Но если не обращать внимания на эти мелкие недостатки, то мой папа, конечно, самый лучший отец из всех мне знакомых. Вот, например, отец Димки Расулова лупит Димку ремнем по любому поводу, без всяких лишних слов. Я у них был один раз при этом. Димкин отец хмуро со мной поздоровался и сразу же у Димки спросил табель. А у Димки в табеле за эту неделю две двойки стояли: по истории и литературе. Димка в портфеле очень долго рылся, он весь вспотел, и у него руки дрожали. Я потом сообразил, что Димка из школы и меня нарочно домой привел, надеялся, что отец его при посторонних не тронет. Но отец его на меня никакого внимания не обратил. А это, честно говоря, мне очень неприятно, когда на меня не обращают внимания.
Но дальше все пошло еще хуже. Димкин отец посмотрел табель, помолчал минуту, а потом сказал, я только в театре или в кино и слышал, чтобы люди таким голосом разговаривали, тихим и торжественным, или еще на похоронах:
— Подлец ты, Дима, подлец, — и вид у него был очень в это время важный.

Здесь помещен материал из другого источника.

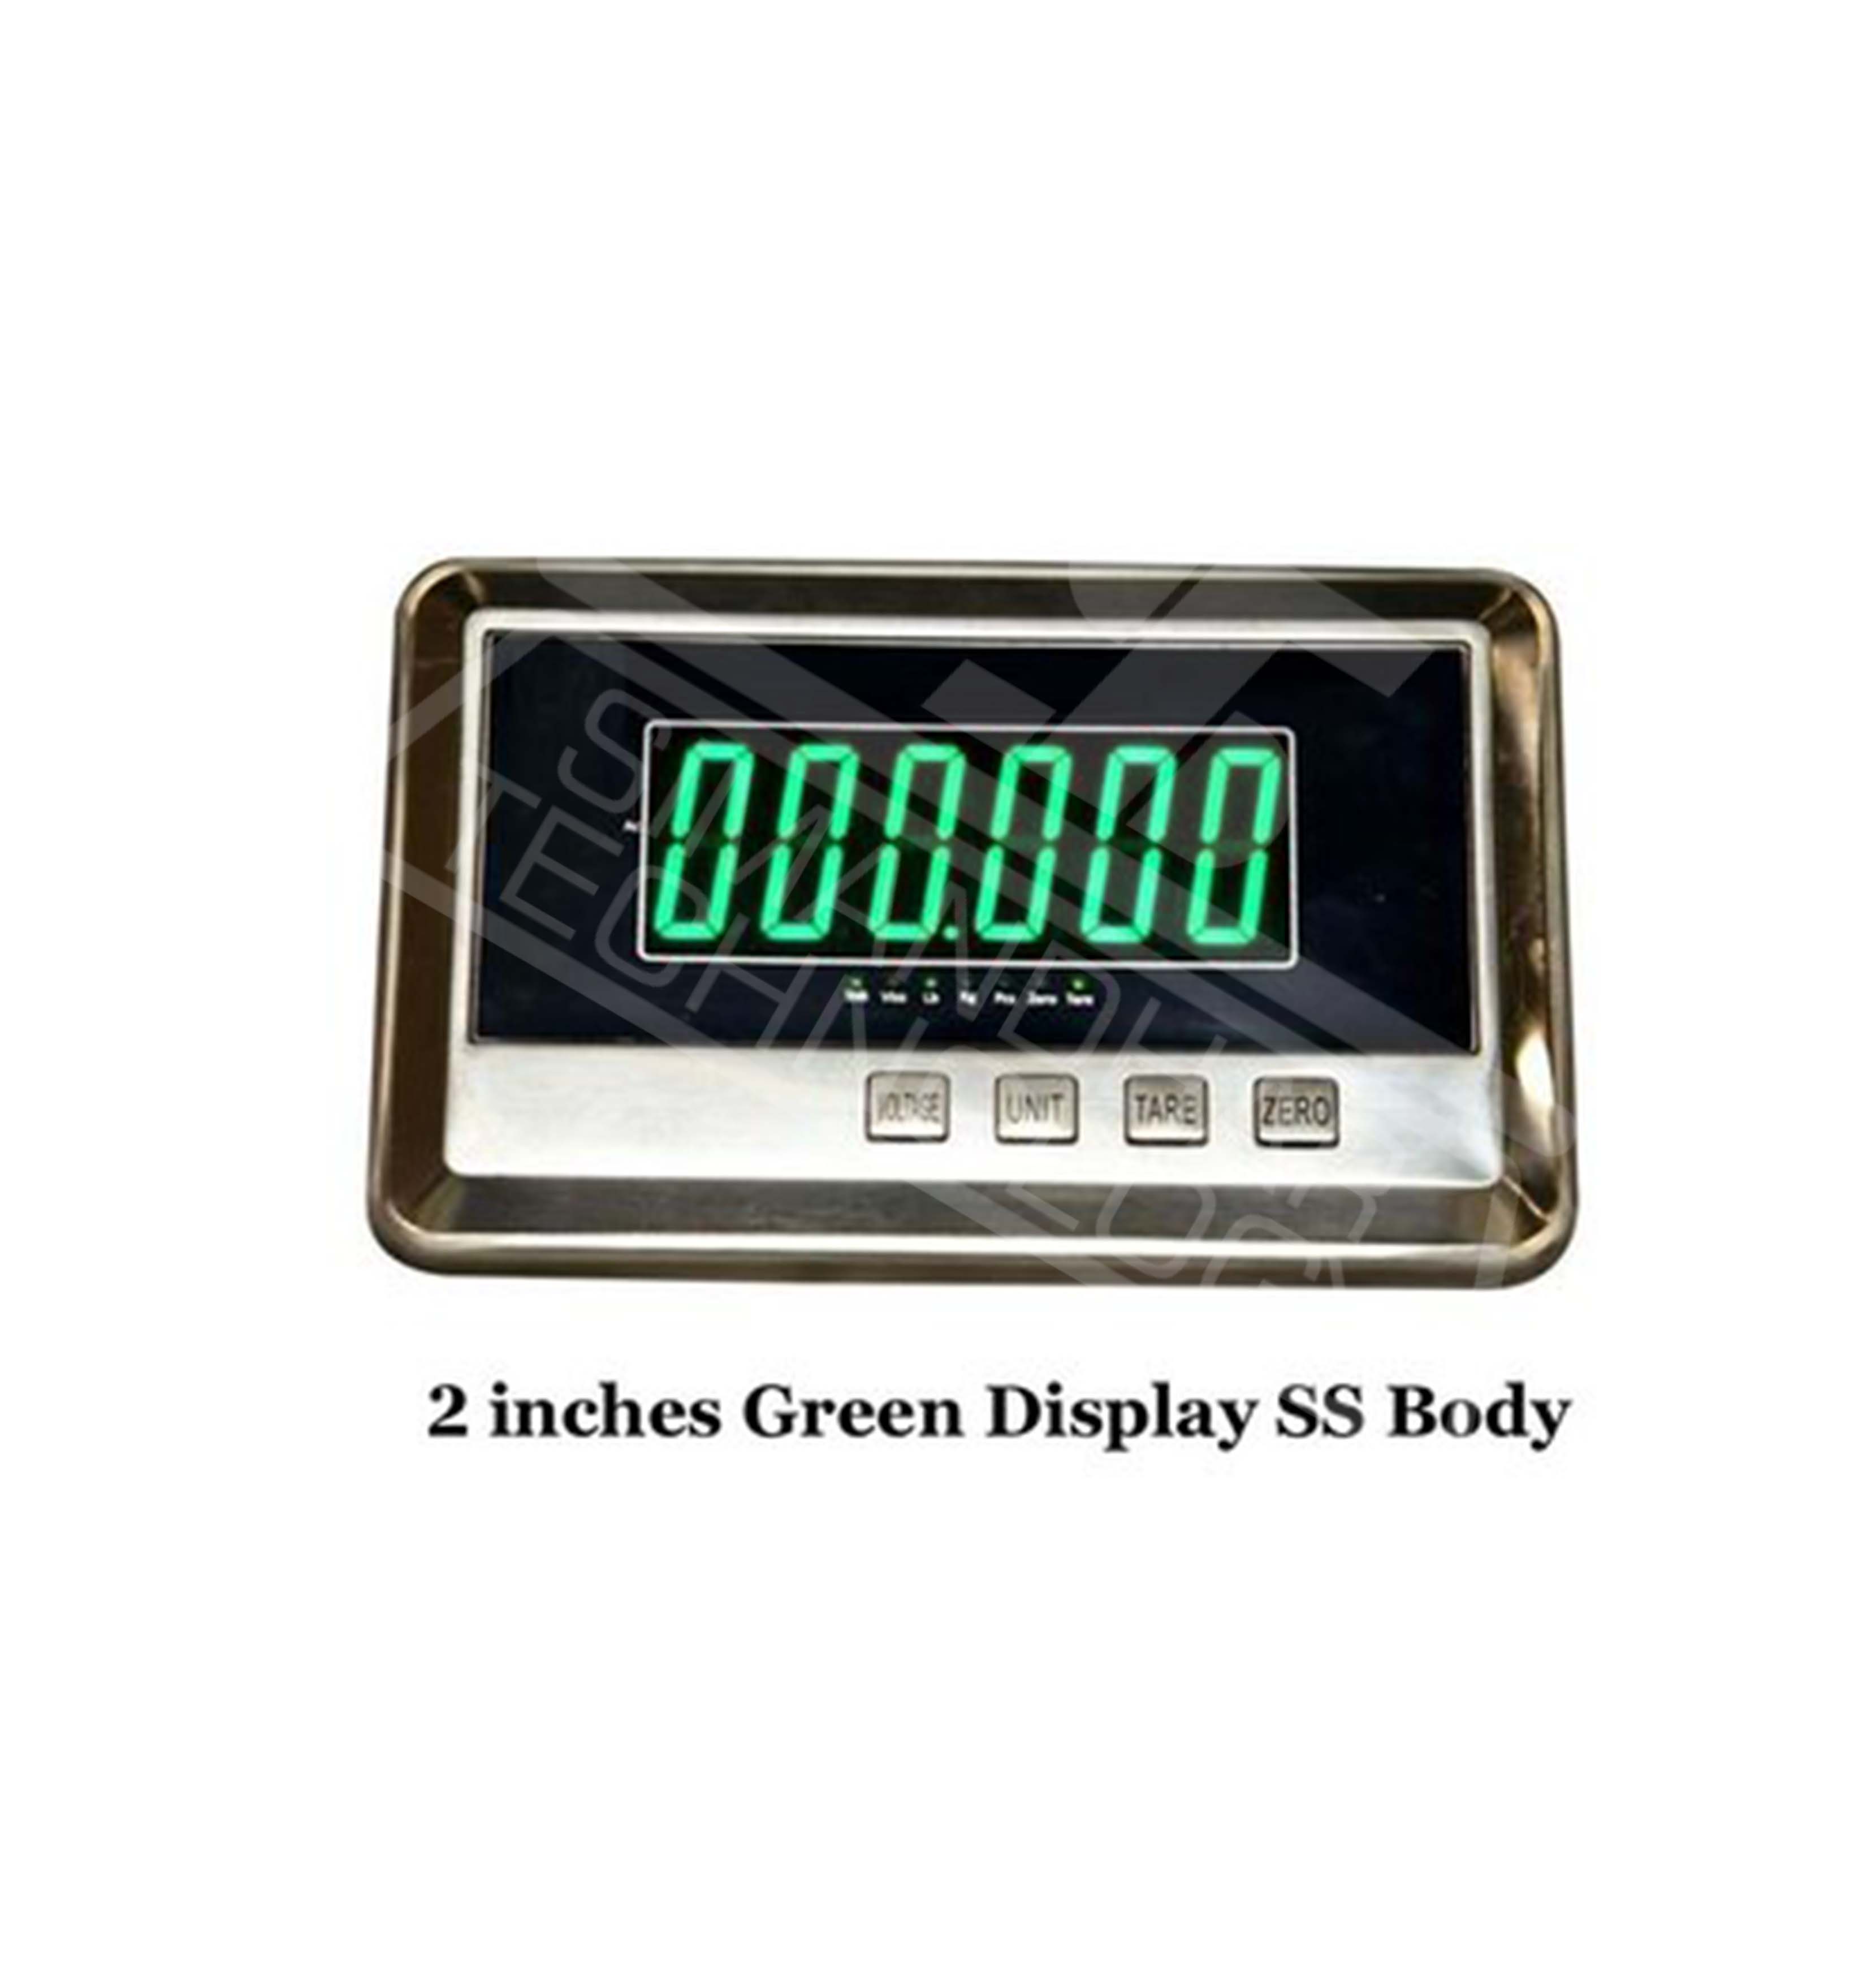 2 Inches Green Display SS Body Indicators

А потом он показал Димке глазами на что-то и вздохнул. Я даже сперва не понял, на что это он показал, но Димка понял сразу и пошел, снял со стены в передней широкий, тяжелый ремень. Димка шел с ремнем к отцу, который продолжал неподвижно сидеть в кресле, и прямо повизгивал от страха, но почему-то шел. Отец взял из рук Димкин ремень и раздвинул колени, Димка опустился на четвереньки и засунул голову между колен, а отец начал его лупить ремнем. А Димка при каждом ударе подвывал тонким голосом.

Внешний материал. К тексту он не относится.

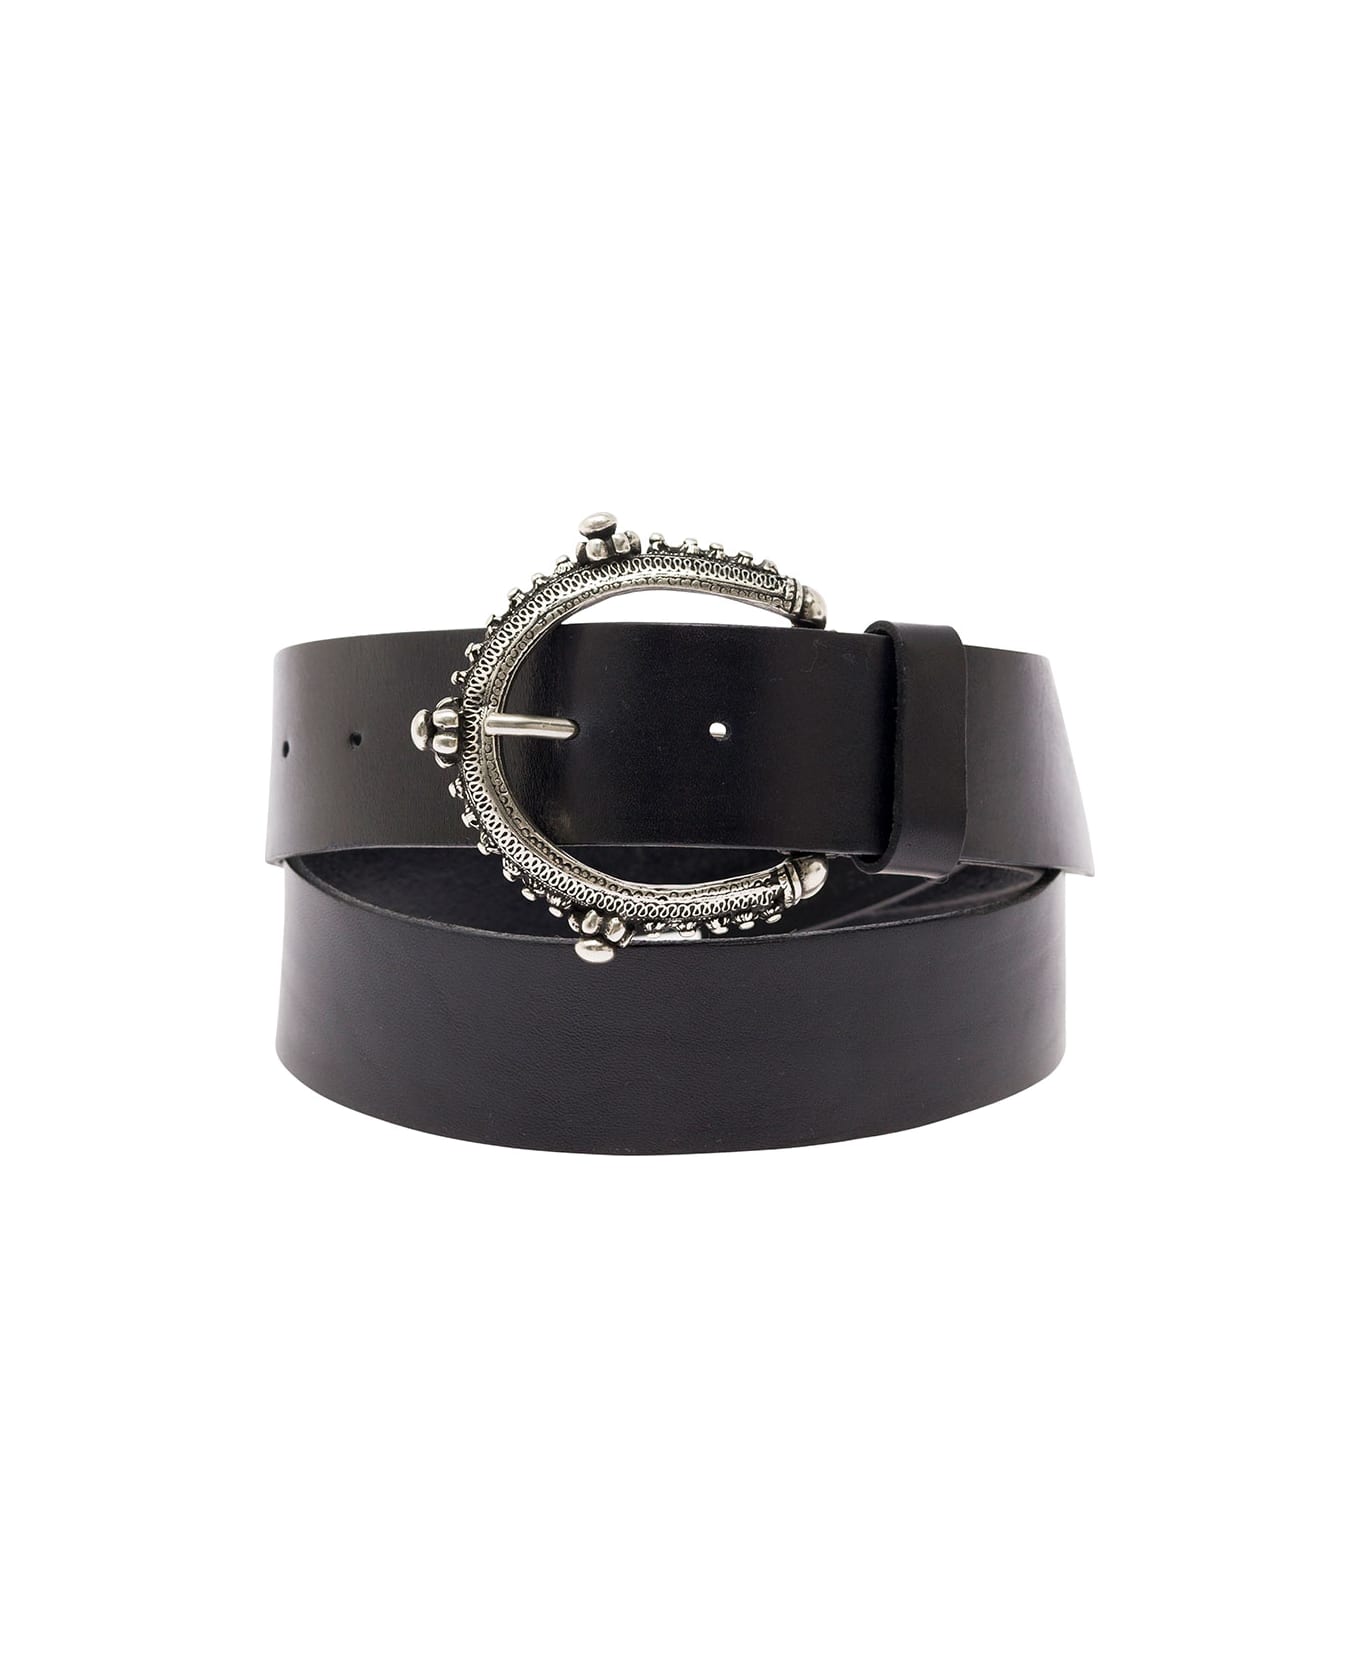 Parosh Black Belt With Circle Buckle In Leather Woman - Black

Удивительно все это было и странно, потому что было видно, что Димкин отец ни капельки не сердится, а наоборот: ему все это противно и грустно.
Я потом у Димки спросил, почему это он сам пошел за ремнем, сам голову засунул между колен, как будто так все и полагается. Димка сказал, что так лучше, раньше он пробовал убегать, а один раз даже укусил отца, но ничего хорошего из этого не получилось, отец его так отлупцевал, что он три дня в школу не ходил из-за полос на лице и руках. А так, говорит, больно, конечно, но в общем терпимо.
Я у Димки еще спросил, любит ли он своего отца, а Димка удивился и сказал, что любит, родной ведь отец, и было видно, что он удивился, что я такие вопросы задаю, а может быть, даже слегка обиделся.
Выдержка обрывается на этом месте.